Paper 2018/347

3PC ORAM with Low Latency, Low Bandwidth, and Fast Batch Retrieval

Stanislaw Jarecki and Boyang Wei

Abstract

Multi-Party Computation of Oblivious RAM (MPC ORAM) implements secret-shared random access memory in a way that protects access pattern privacy against a threshold of corruptions. MPC ORAM enables secure computation of any RAM program on large data held by different entities, e.g. MPC processing of database queries on a secret-shared database. MPC ORAM can be constructed by any (client-server) ORAM, but there is an efficiency gap between known MPC ORAM's and ORAM's.
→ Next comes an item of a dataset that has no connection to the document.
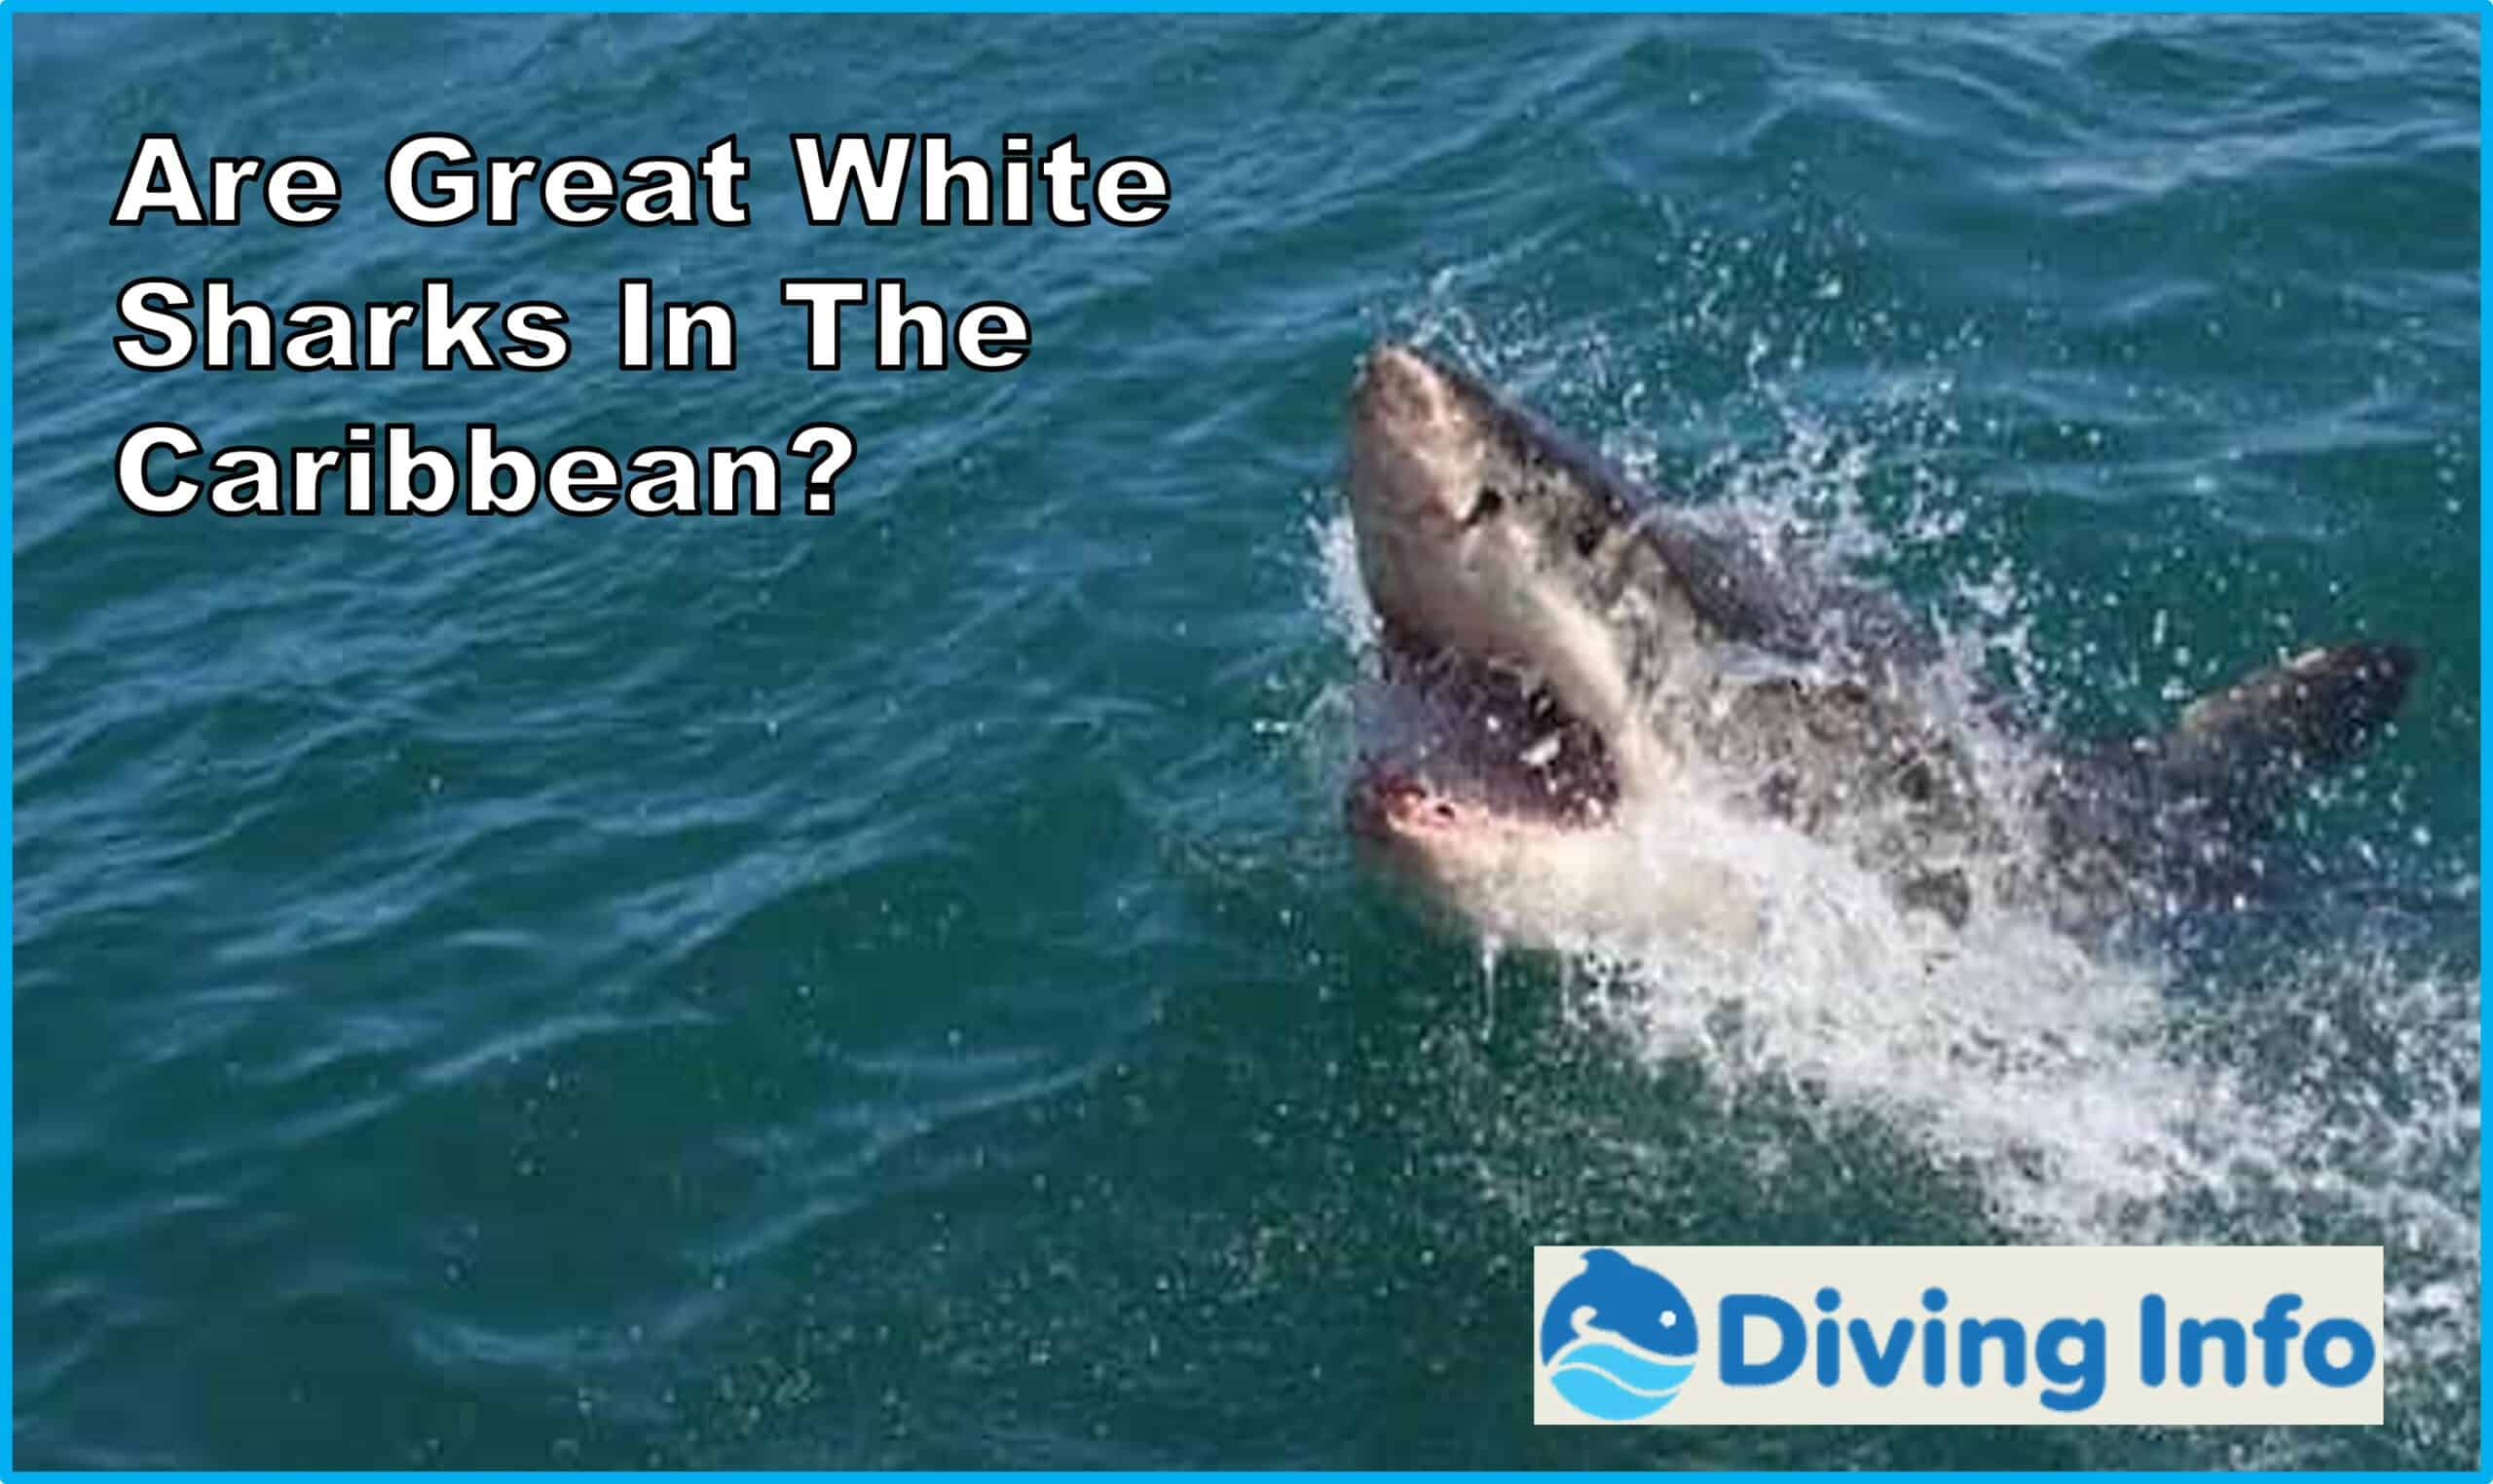 Are Great White Sharks In The Caribbean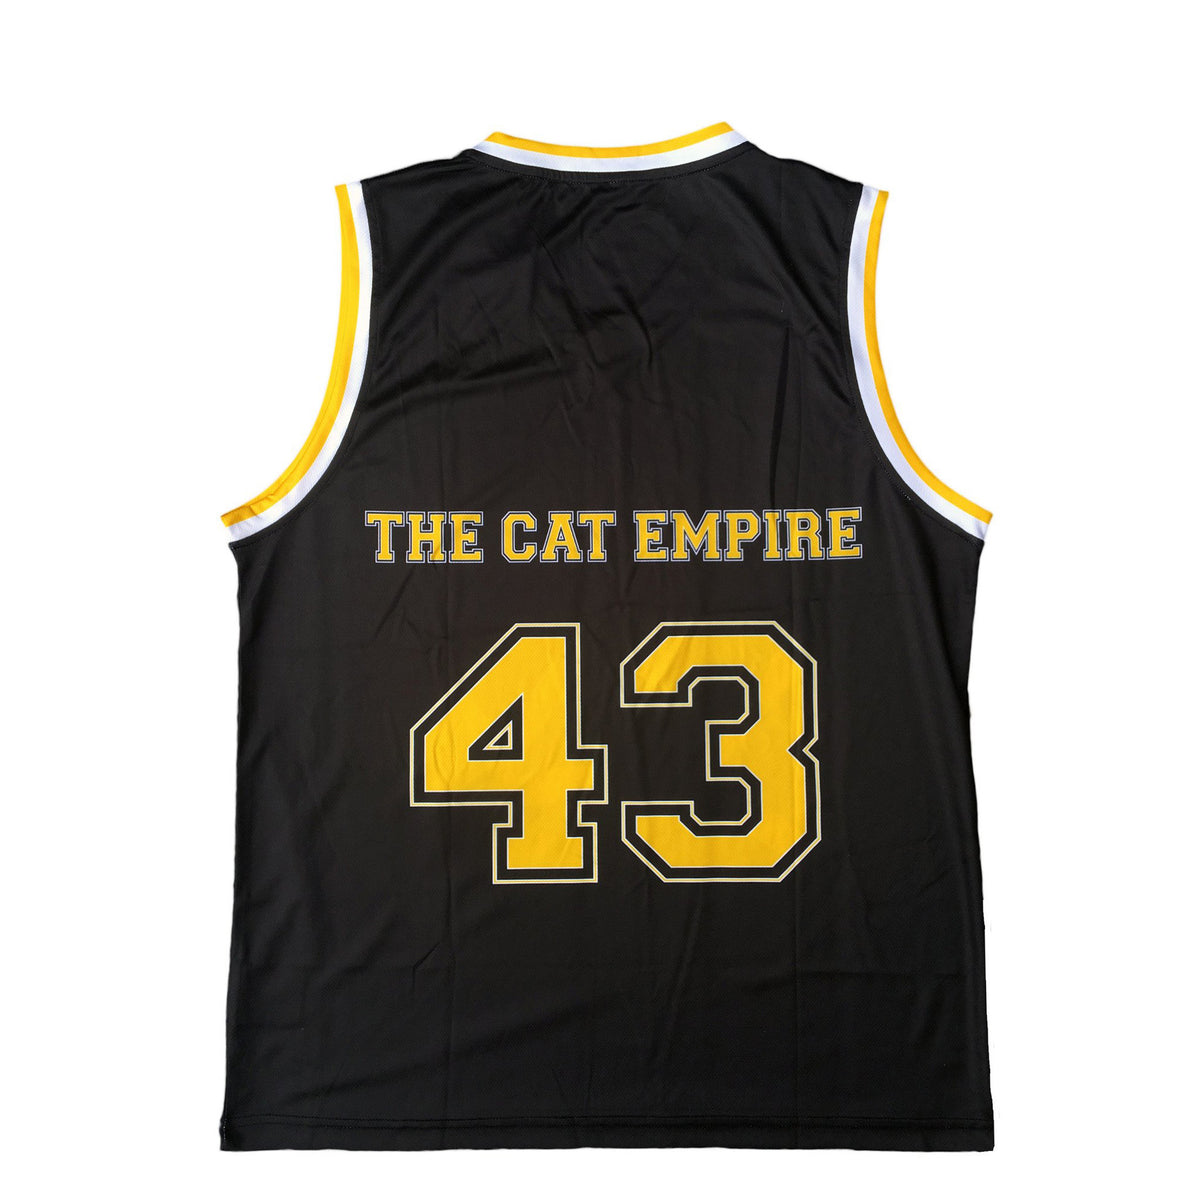 The Cat Empire - Basketball Jersey

Current asymptotically best MPC ORAM is implied by an "MPC friendly" variant of Path-ORAM called Circuit-ORAM, due to Wang et al. However, using garbled circuit for Circuit-ORAM's client implies MPC ORAM which matches Path-ORAM in rounds but increases bandwidth by \Omega(kappa) factor, while using GMW or BGW protocols implies MPC ORAM which matches Path-ORAM in bandwidth, but increases round complexity by \Omega(log n loglog n) factor, for kappa the security parameter and n the memory size. In this paper we bridge the gap between MPC ORAM and client-server ORAM by showing a specialized 3PC ORAM protocol, i.e. MPC ORAM for 3 parties tolerating 1 fault, which uses only symmetric ciphers and asymptotically matches client-server Path-ORAM in round complexity and for large records also in bandwidth. Our 3PC ORAM also allows for fast pipelined processing: With post- poned clean-up it processes b=O(log n) accesses in O(b+log n) rounds with O(D+poly(log n)) bandwidth per item, where D is record size.